Переезжая из города в город, Герцен писал, грустно улыбаясь, что, удаляясь на некоторое время из Женевы, хотел «освежиться другими физиономиями», но, увы, не всегда удавалось.
Герцен не может смириться, что Тучкова хочет отнять у него дочь. Ради Лизы — готов на всё. Ехать туда, куда пожелает Натали. Не хочет в Женеву, не хочет в Лозанну — можно выбрать другие швейцарские города, в которых будет жить еще более «скверно».
С октября 1866-го он все еще «бродяжничает» по Швейцарии в поисках совершенного места. И хотя понимает, что лучше худой Женевы не найти, готов отвезти Натали с Лизой хоть в Ниццу, которая неизменно вызывает в его памяти смерть, могилы и бушующее море. Для него это «Голгофа или лобное место». Но выбор Тучковой сделан.
Даже в этих торопливых разъездах по Европе, отмечает он в письме сыну, как ни парадоксально, ему видится самая «покойная жизнь на свете». Потому что вырвался на волю, потому что путешествия дают массу впечатлений, и, посещая те же места, что и десяток лет тому назад, можно представить, как изменились люди, их устремления, их статус, их повадки.
Картина воспоминаний не затмевает современный шаг жизни. Он прощается с тем, что видел, знал и пережил. Не плохо бы присмотреться, а что же изменилось, улучшилось в мире… Да улучшилось ли?

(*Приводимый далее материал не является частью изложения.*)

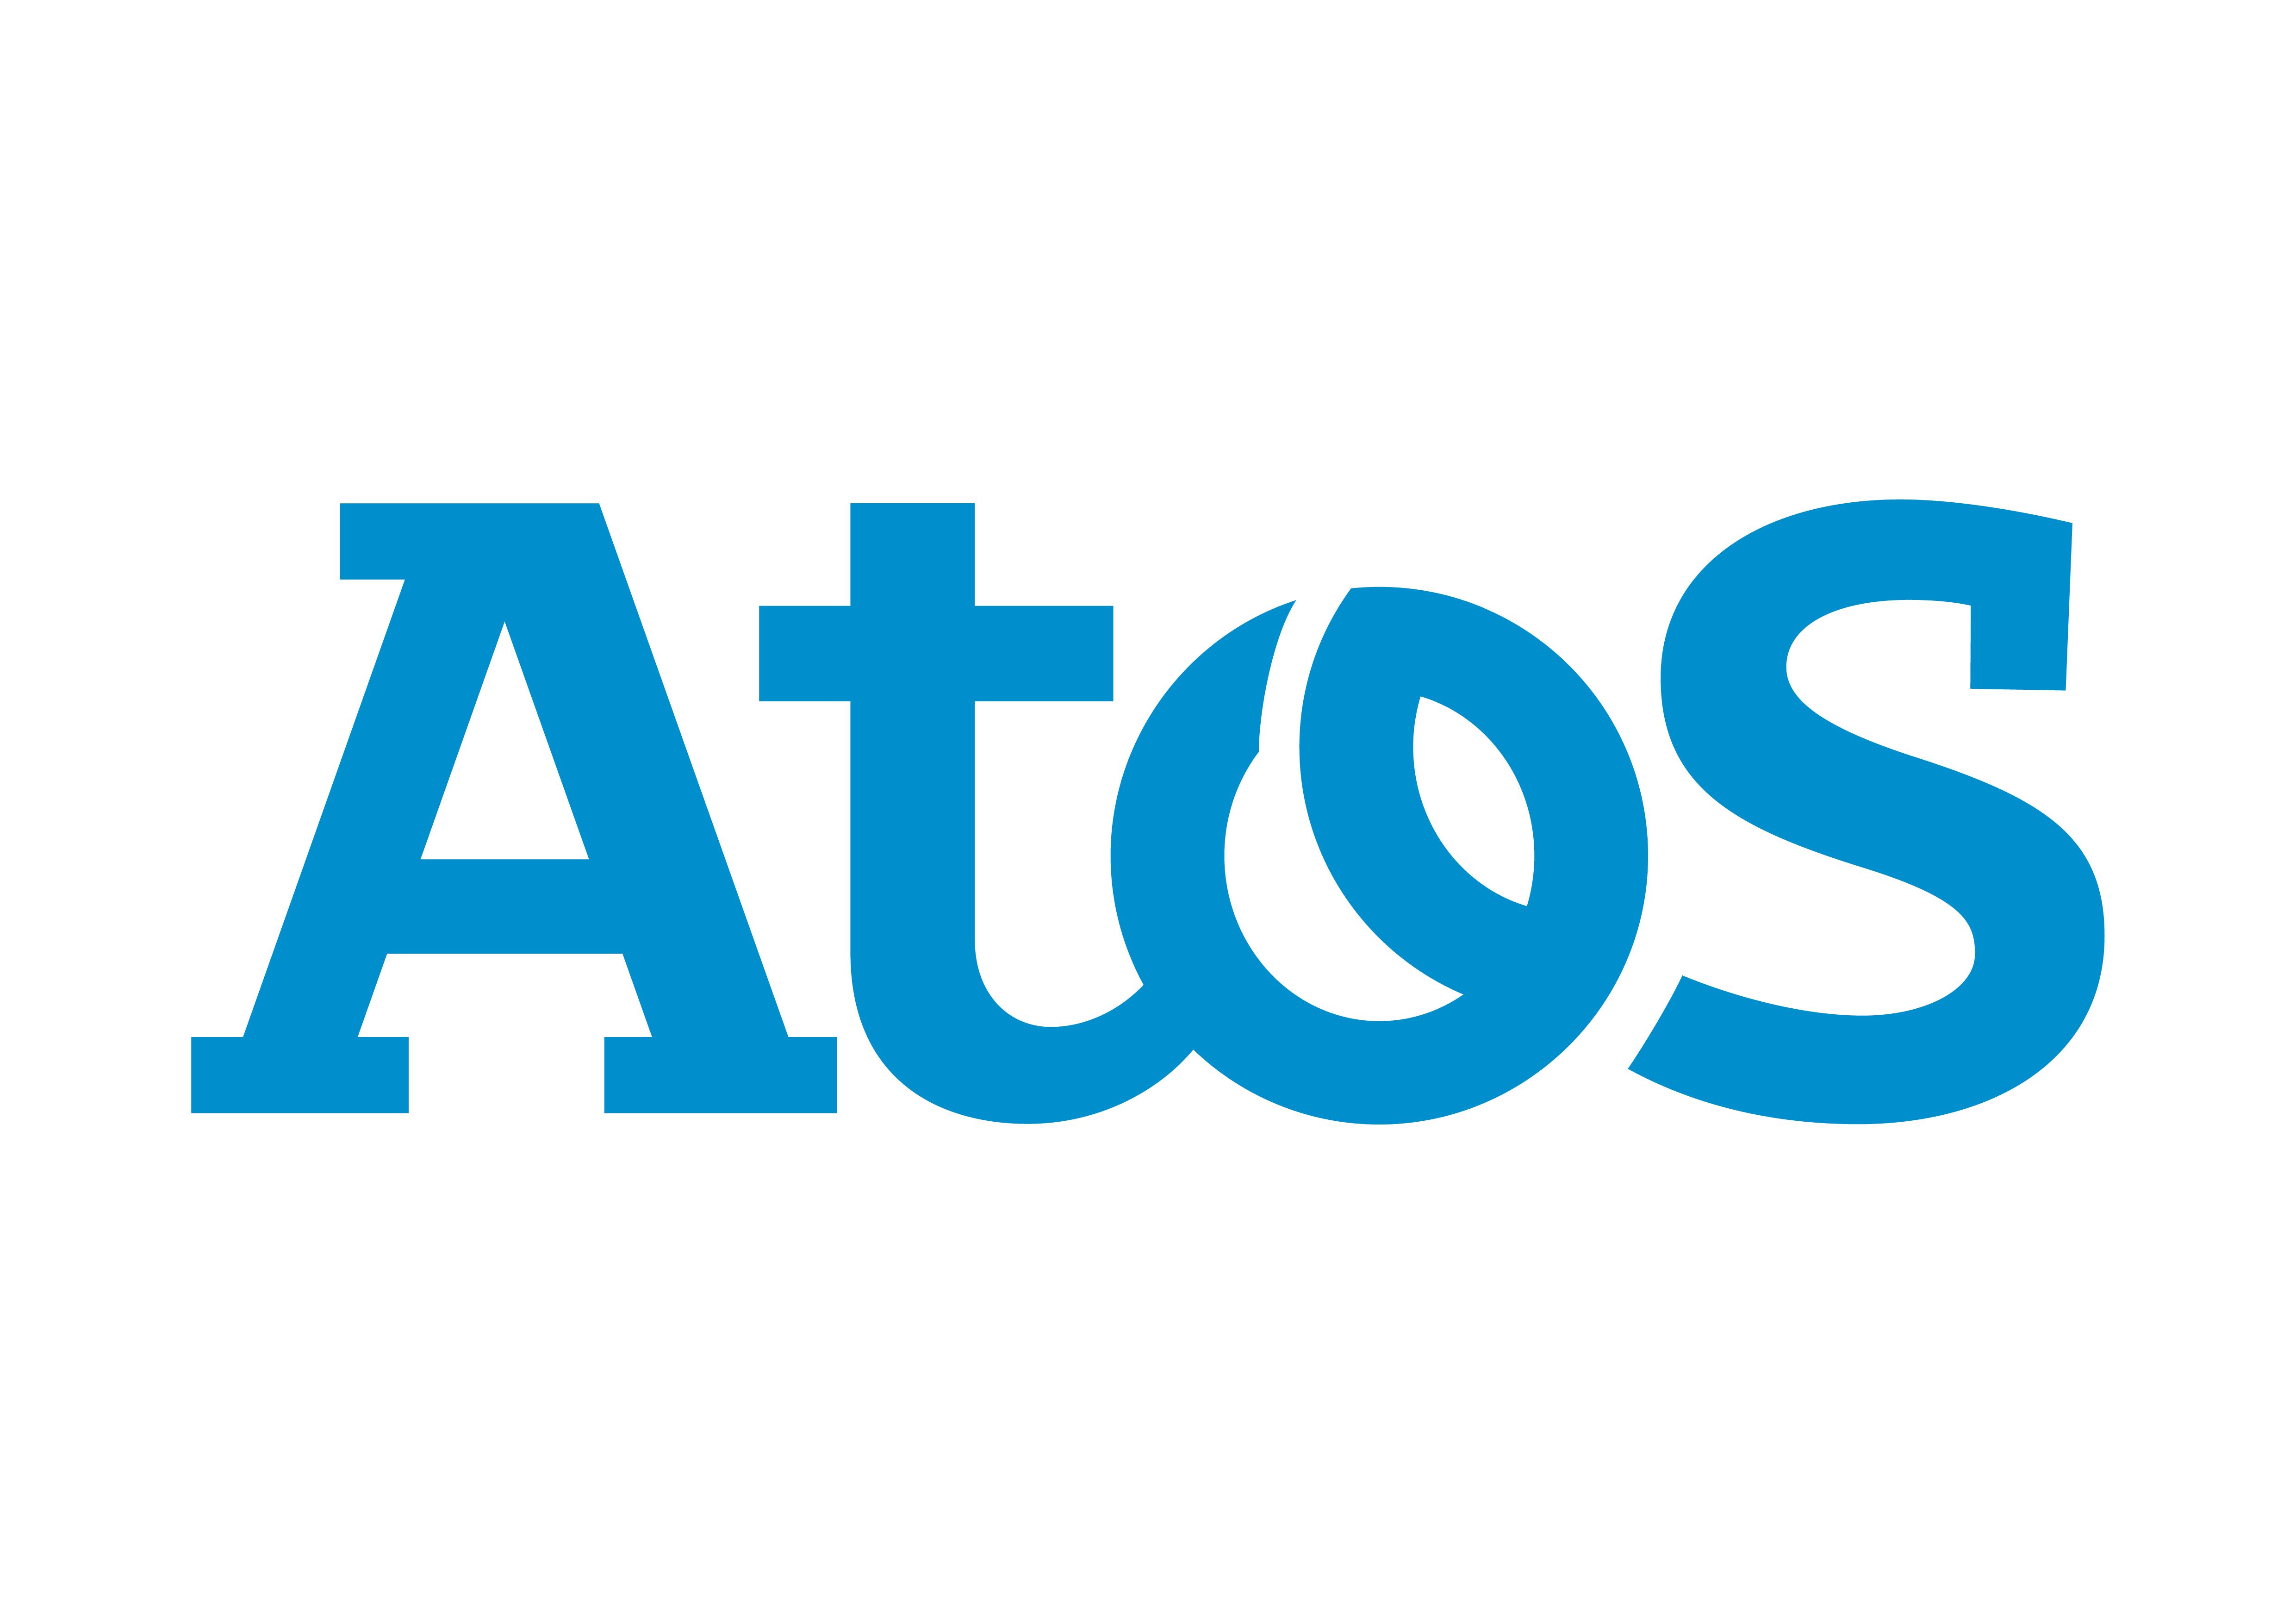 https://hcm12preview.sapsf.eu/doc/custom/AtosTest/Atos_Logo_Pantone.jpg

«Где эти времена, когда „Юная Германия“, в своем „прекрасном высоко“, теоретически освобождала отечество и в сферах чистого разума и искусства покончивала с миром преданий и предрассудков? Гейне было противно на ярко освещенной морозной высоте, на которой величественно дремал под старость Гёте…»

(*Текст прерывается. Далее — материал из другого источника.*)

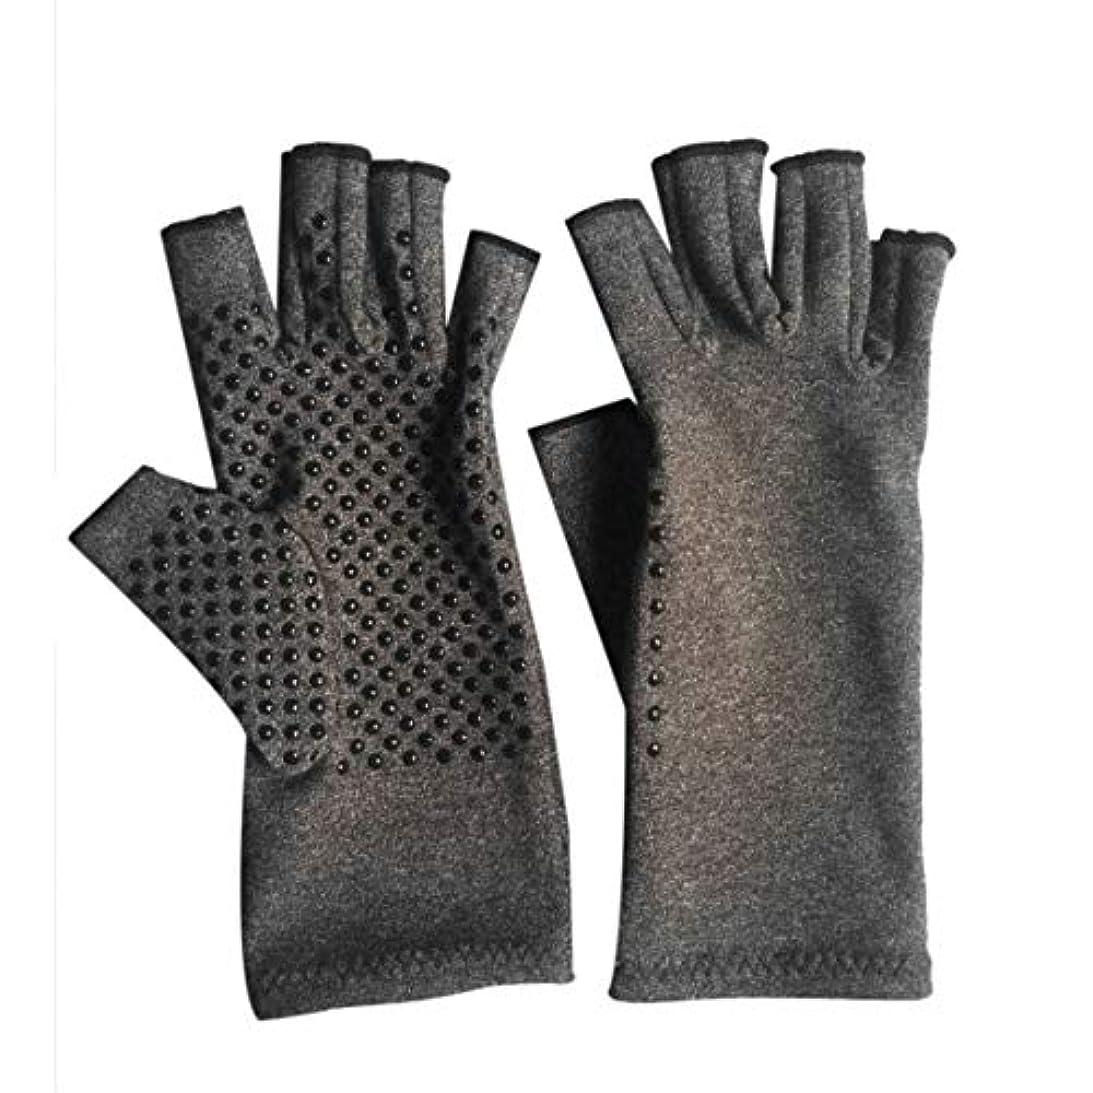 革命的数免疫1ペアユニセックス男性女性療法圧縮手袋関節炎関節痛緩和ヘルスケア半指手袋トレーニング手袋 - グレーM

Примеров у Герцена, наблюдающего, как меняется культура и общество (кроме приведенного эпизода пришествия славной эпохи «Бури и натиска»), больше чем достаточно. И все же…

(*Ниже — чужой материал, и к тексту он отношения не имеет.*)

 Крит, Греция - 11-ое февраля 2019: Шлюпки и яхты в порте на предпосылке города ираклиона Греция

Он улавливает новый лихорадочный темп жизни, выразившийся, например, в устройстве всемирных выставок: «Все несется, плывет, идет, летит, тратится, домогается, глядит, устает, живет еще неудобнее, чтоб следить за успехом — чего? Ну, так, за успехами. Как будто в три-четыре года может быть такой прогресс во всем, как будто при железных дорогах такая крайность возить из угла в угол домы, машины, конюшни, пушки, чуть не сады и огороды…
…Ну, а выставки надоедят — примутся за войну, начнут рассеиваться грудами трупов, лишь бы не видеть каких-то черных точек на небосклоне…»
На повестке дня — приближающееся кровавое столкновение наполеоновской Франции и «прусского деспотизма» Бисмарка.
Из своих путевых впечатлений, тронутых острым пером очеркиста, Герцен, говорящий обо «всем на свете» и «без связи», как сам считает, составит последнюю, восьмую часть своих несравненных мемуаров. Отдельные фрагменты о посещениях Швейцарии, Италии, Франции станут публикациями в поредевшем материалами «Колоколе» (1865–1867), а в конце 1868-го восьмая часть «Былого и дум» полностью появится в последней, завершающей издание «Полярной звезде» (книга VIII на 1869 год).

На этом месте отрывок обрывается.